# Instructions to follow:
What you return must match the data exactly, line for line.

-------- Records to process

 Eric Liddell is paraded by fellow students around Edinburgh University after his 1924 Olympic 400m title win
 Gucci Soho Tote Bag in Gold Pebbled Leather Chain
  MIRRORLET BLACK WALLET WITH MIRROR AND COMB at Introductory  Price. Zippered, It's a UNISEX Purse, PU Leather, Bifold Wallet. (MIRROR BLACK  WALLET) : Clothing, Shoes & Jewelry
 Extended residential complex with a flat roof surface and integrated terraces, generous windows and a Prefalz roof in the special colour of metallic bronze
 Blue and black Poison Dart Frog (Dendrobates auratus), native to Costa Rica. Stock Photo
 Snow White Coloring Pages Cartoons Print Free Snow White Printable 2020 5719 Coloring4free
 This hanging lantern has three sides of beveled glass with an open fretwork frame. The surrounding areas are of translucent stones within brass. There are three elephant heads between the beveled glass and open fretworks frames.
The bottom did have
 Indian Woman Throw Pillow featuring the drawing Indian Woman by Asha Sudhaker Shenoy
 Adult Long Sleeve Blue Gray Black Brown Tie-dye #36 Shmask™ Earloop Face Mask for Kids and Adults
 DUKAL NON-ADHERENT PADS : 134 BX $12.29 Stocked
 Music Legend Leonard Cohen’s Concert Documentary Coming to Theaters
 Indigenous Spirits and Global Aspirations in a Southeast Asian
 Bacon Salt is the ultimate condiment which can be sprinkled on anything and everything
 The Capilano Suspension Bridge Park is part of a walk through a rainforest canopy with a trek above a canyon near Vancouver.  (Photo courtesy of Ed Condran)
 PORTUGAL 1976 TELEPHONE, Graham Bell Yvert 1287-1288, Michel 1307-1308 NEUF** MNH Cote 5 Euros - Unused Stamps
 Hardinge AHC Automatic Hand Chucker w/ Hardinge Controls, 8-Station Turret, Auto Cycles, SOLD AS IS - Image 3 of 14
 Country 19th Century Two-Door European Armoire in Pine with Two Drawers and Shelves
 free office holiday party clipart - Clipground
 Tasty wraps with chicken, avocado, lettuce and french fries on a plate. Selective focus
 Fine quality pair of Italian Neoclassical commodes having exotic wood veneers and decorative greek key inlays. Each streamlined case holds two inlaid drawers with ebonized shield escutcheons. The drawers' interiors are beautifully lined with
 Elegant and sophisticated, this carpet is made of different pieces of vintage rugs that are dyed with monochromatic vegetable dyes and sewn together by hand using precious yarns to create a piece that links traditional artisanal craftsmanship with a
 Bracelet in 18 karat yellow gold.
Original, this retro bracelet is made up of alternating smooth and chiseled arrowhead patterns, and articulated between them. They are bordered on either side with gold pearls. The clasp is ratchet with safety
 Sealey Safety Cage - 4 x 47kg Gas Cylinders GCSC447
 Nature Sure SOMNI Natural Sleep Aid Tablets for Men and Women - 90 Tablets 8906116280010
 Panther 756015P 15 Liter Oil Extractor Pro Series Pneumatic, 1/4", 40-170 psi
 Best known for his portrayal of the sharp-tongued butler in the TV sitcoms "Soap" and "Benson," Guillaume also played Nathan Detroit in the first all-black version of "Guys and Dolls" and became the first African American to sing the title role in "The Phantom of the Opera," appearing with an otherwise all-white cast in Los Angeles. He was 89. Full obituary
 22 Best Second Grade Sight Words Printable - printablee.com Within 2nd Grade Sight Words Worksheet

----------------

# Answer to this problem:
 Eric Liddell is paraded by fellow students around Edinburgh University after his 1924 Olympic 400m title win
 Gucci Soho Tote Bag in Gold Pebbled Leather Chain
  MIRRORLET BLACK WALLET WITH MIRROR AND COMB at Introductory  Price. Zippered, It's a UNISEX Purse, PU Leather, Bifold Wallet. (MIRROR BLACK  WALLET) : Clothing, Shoes & Jewelry
 Extended residential complex with a flat roof surface and integrated terraces, generous windows and a Prefalz roof in the special colour of metallic bronze
 Blue and black Poison Dart Frog (Dendrobates auratus), native to Costa Rica. Stock Photo
 Snow White Coloring Pages Cartoons Print Free Snow White Printable 2020 5719 Coloring4free
 This hanging lantern has three sides of beveled glass with an open fretwork frame. The surrounding areas are of translucent stones within brass. There are three elephant heads between the beveled glass and open fretworks frames.
The bottom did have
 Indian Woman Throw Pillow featuring the drawing Indian Woman by Asha Sudhaker Shenoy
 Adult Long Sleeve Blue Gray Black Brown Tie-dye #36 Shmask™ Earloop Face Mask for Kids and Adults
 DUKAL NON-ADHERENT PADS : 134 BX $12.29 Stocked
 Music Legend Leonard Cohen’s Concert Documentary Coming to Theaters
 Indigenous Spirits and Global Aspirations in a Southeast Asian
 Bacon Salt is the ultimate condiment which can be sprinkled on anything and everything
 The Capilano Suspension Bridge Park is part of a walk through a rainforest canopy with a trek above a canyon near Vancouver.  (Photo courtesy of Ed Condran)
 PORTUGAL 1976 TELEPHONE, Graham Bell Yvert 1287-1288, Michel 1307-1308 NEUF** MNH Cote 5 Euros - Unused Stamps
 Hardinge AHC Automatic Hand Chucker w/ Hardinge Controls, 8-Station Turret, Auto Cycles, SOLD AS IS - Image 3 of 14
 Country 19th Century Two-Door European Armoire in Pine with Two Drawers and Shelves
 free office holiday party clipart - Clipground
 Tasty wraps with chicken, avocado, lettuce and french fries on a plate. Selective focus
 Fine quality pair of Italian Neoclassical commodes having exotic wood veneers and decorative greek key inlays. Each streamlined case holds two inlaid drawers with ebonized shield escutcheons. The drawers' interiors are beautifully lined with
 Elegant and sophisticated, this carpet is made of different pieces of vintage rugs that are dyed with monochromatic vegetable dyes and sewn together by hand using precious yarns to create a piece that links traditional artisanal craftsmanship with a
 Bracelet in 18 karat yellow gold.
Original, this retro bracelet is made up of alternating smooth and chiseled arrowhead patterns, and articulated between them. They are bordered on either side with gold pearls. The clasp is ratchet with safety
 Sealey Safety Cage - 4 x 47kg Gas Cylinders GCSC447
 Nature Sure SOMNI Natural Sleep Aid Tablets for Men and Women - 90 Tablets 8906116280010
 Panther 756015P 15 Liter Oil Extractor Pro Series Pneumatic, 1/4", 40-170 psi
 Best known for his portrayal of the sharp-tongued butler in the TV sitcoms "Soap" and "Benson," Guillaume also played Nathan Detroit in the first all-black version of "Guys and Dolls" and became the first African American to sing the title role in "The Phantom of the Opera," appearing with an otherwise all-white cast in Los Angeles. He was 89. Full obituary
 22 Best Second Grade Sight Words Printable - printablee.com Within 2nd Grade Sight Words Worksheet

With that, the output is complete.